Far from being troublemakers, they get into trouble anyway, and therein lie the seeds of their difficulties that pull at our sympathies. These are men like ourselves, just expecting fair play in a daily world where chance and circumstance are always ready to upset one’s modest but earnest expectations.
Plot. Coy Bell takes a job breaking horses for a rancher in 1880s Texas and quickly loses it when a bad ride leaves him with a broken leg. Recuperating, he befriends the rancher’s unhappy young wife, Laurel May, and the two develop an attachment that touches the deep loneliness in each of them. To avoid committing the “crime” of violating her marriage vows, they part company.
Readers can find plenty of melodrama in western stories, but irony with tragic consequences is not the usual commodity. Yet tragedy lies in wait for the two lovers in this novel. Because Laurel May happens to be married to a man capable of malicious intent, Coy does not escape being branded wrongly as a criminal, which makes of him a wanted fugitive.
Worse yet, Laurel May herself becomes the victim of an unspeakable crime. And to avenge that crime, Coy becomes a killer, with predictable and unpreventable results. In attempting to avoid committing the far less heinous offense of infidelity, each of the lovers ends up paying a far heavier price.
Theme. Moral ambiguity need not be the central theme in a tragedy, where bad things happen to people not fully aware of the potential effects of their actions. For a little perspective on this view, Brown introduces the character of a young Pinkerton detective, Benny Maxwell, whose by-the-book take on law enforcement is put to the test by Coy Bell.
Attempting and failing to arrest Coy, he becomes first an unwilling companion and finally an accomplice in the cowboy’s effort to rescue Laurel May, who has been taken hostage by a brutal captor. When the dust has cleared, Benny has learned the difference between the law and moral imperatives that require breaking the law. Little of this, however, has much effect on the outcome for Coy, as he is brought before judge and jury in the pursuit of justice.

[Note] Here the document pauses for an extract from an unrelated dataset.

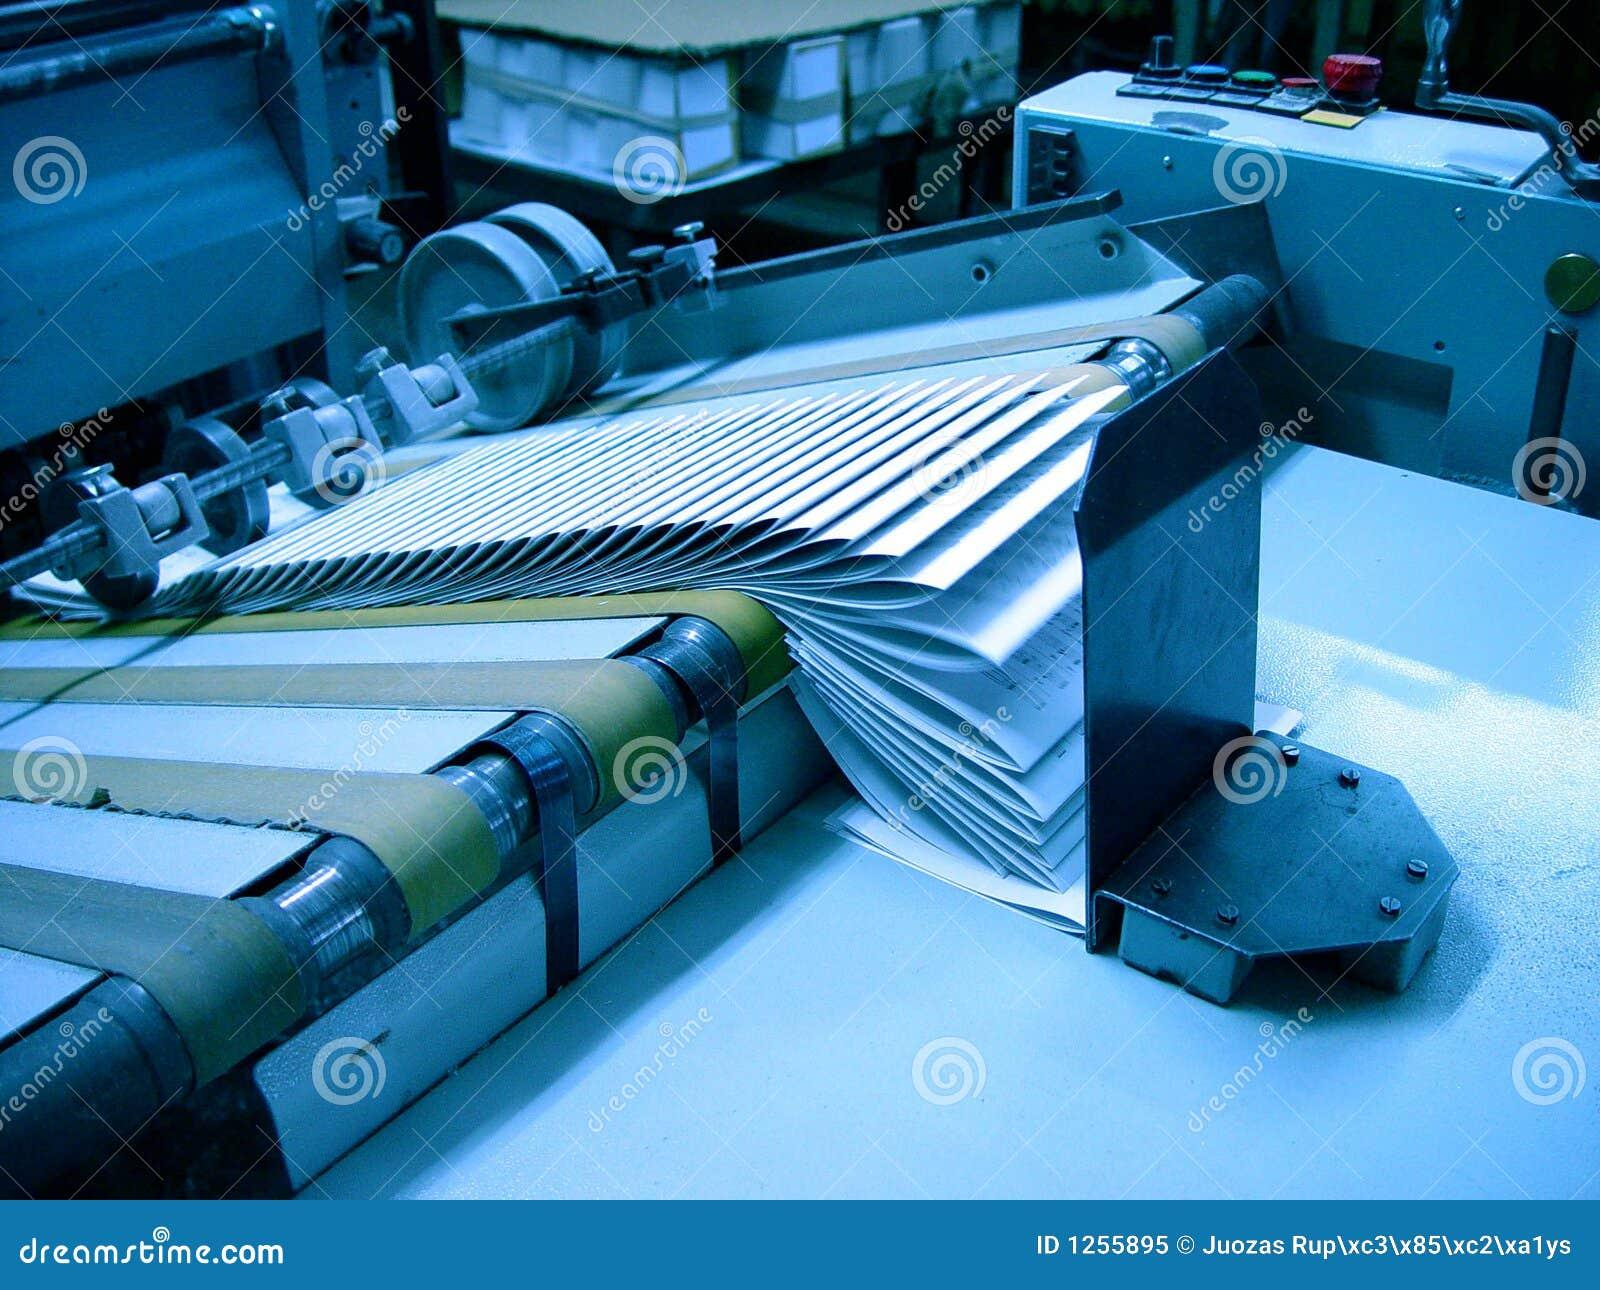 printing press 1255895

It’s not your usual western. Taken all together, the novel tells a story that has the shaded coloring of a folksong sung in the dark registers of Appalachian ballads. Forbidden love ignites deeper passions that lead to unhappy consequences. As Sam Brown tells it, the story is both compelling and heartbreaking.
Wrapping up. Sam Brown is a working cowboy, living in Adrian, Texas. His other western novels include The Long Season (1987), The Trail to Honk Ballard’s Bones (1990), The Big Lonely (1992), The Long Drift (1995), and Devil’s Rim (1998).